The push to ban soft drinks from school tuck shops is gaining momentum after the announcement they will be phased out of United States schools.
Health advocates are hoping New Zealand soft drink makers will follow their US counterparts' lead and start phasing out sugary drinks from secondary schools.
The soft drink giants will pull sugary drinks from United States schools over the next four years and our government is looking for the companies here to do even better.
Some New Zealand schools such as Tawa College have already taken the problem into their own hands. The college students are no longer washing their food down with sugary fizzy drinks after their school board banned them a year ago.

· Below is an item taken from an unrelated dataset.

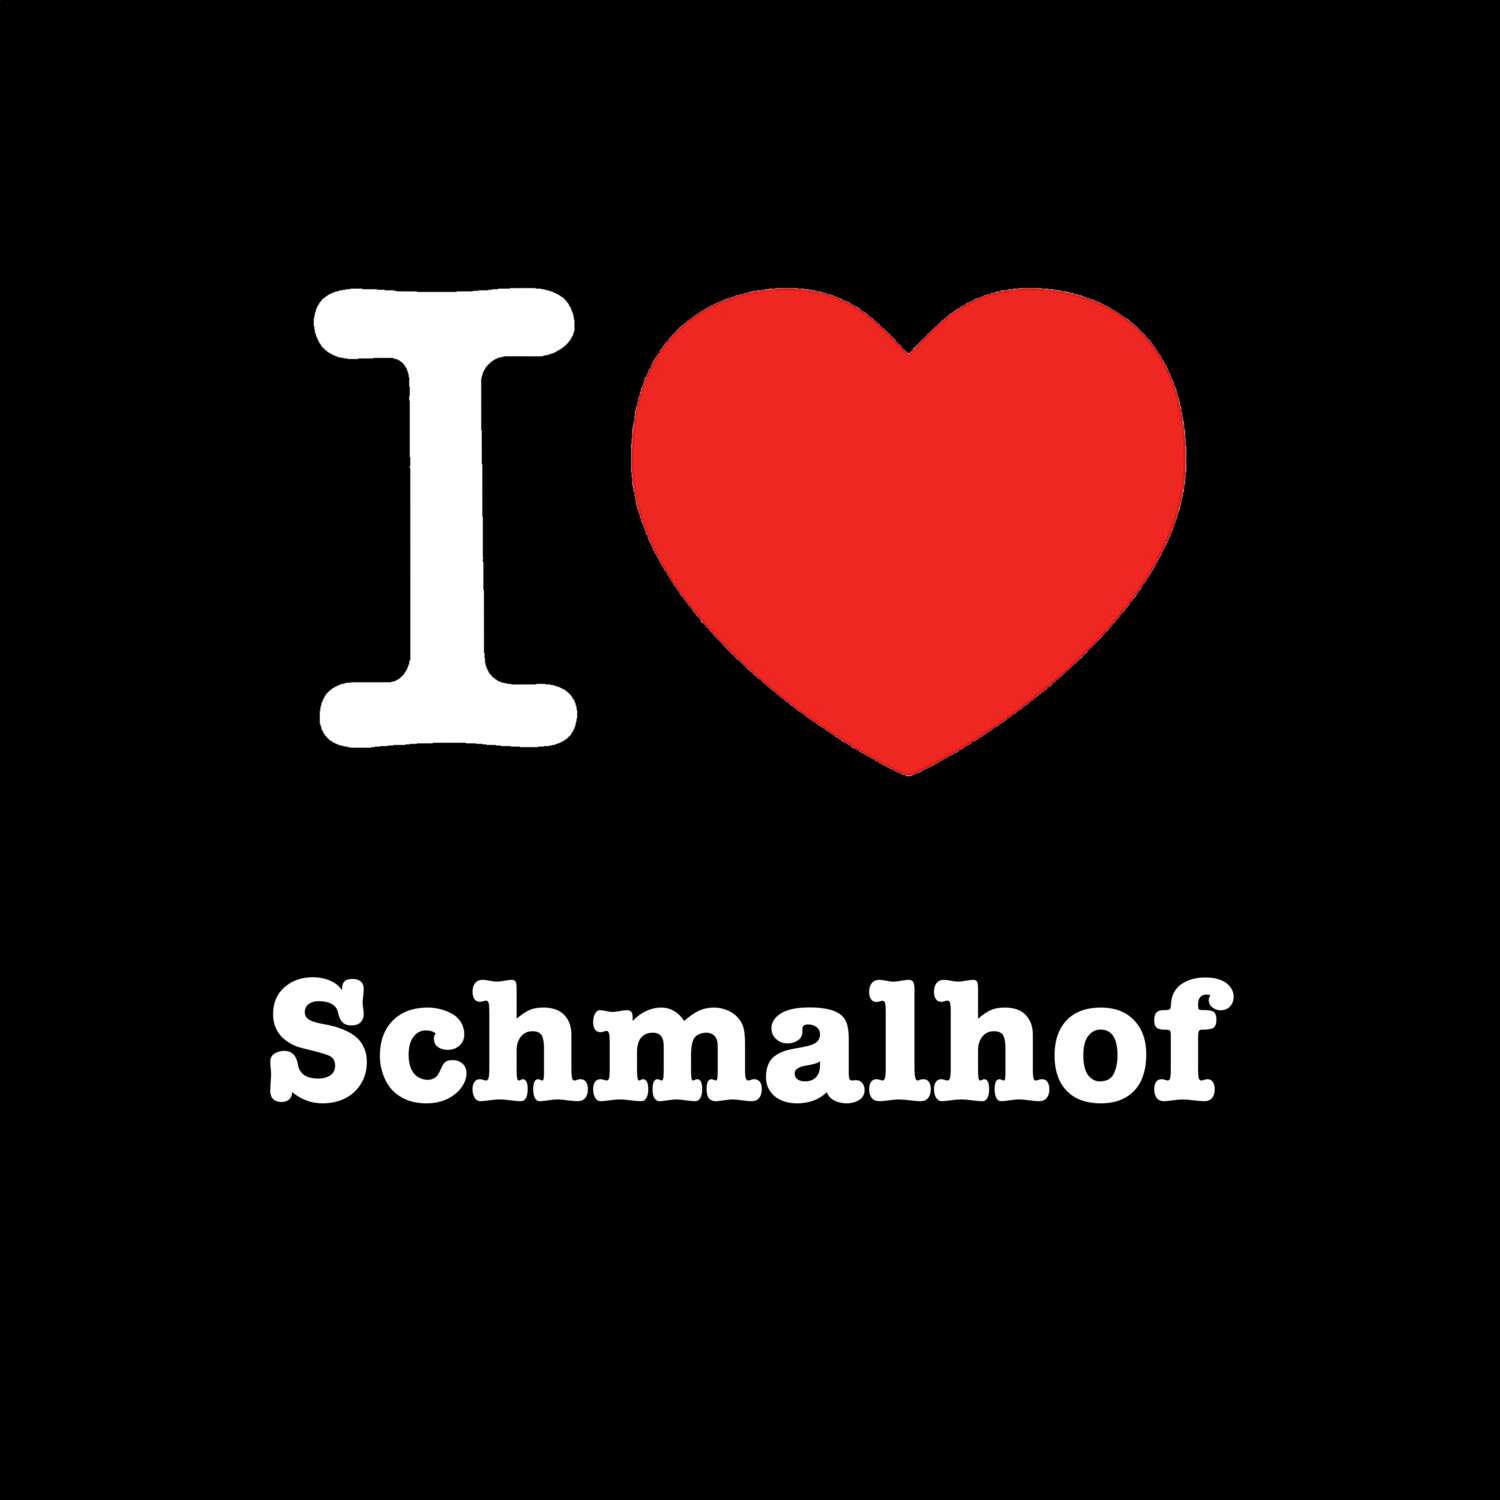 Schmalhof T-Shirt »I love«

Tawa College principal Murray Lucas says the decision to ban soft drinks was easy.
"We don't think it helps the obesity issue and also doesn't help in settling student behaviour, so I guess they were the driving forces behind the changes we made."
But hundreds of secondary schools still sell soft drinks, as it is currently a decision for individual schools.
The US soft drinks plans are being hailed by former US president Bill Clinton, who was himself an overweight child.
"This is a huge deal. This is a big blow in the fight against obesity."
Green Party MP Sue Kedgley says tackling obesity is a high priority issue in New Zealand too
"I think we should be moving on it very quickly, I mean if the industry can act in America why can't that same industry act swiftly here?"
Soft drinks will be gone from all US schools by 2010, and the New Zealand government is now keen to beat that timeline here.
Soft drink makers voluntarily stopped supplying fizzy drinks to primary schools in New Zealand two years ago. Health minister Pete Hodgson says he them to extend that embargo to secondary schools voluntarily.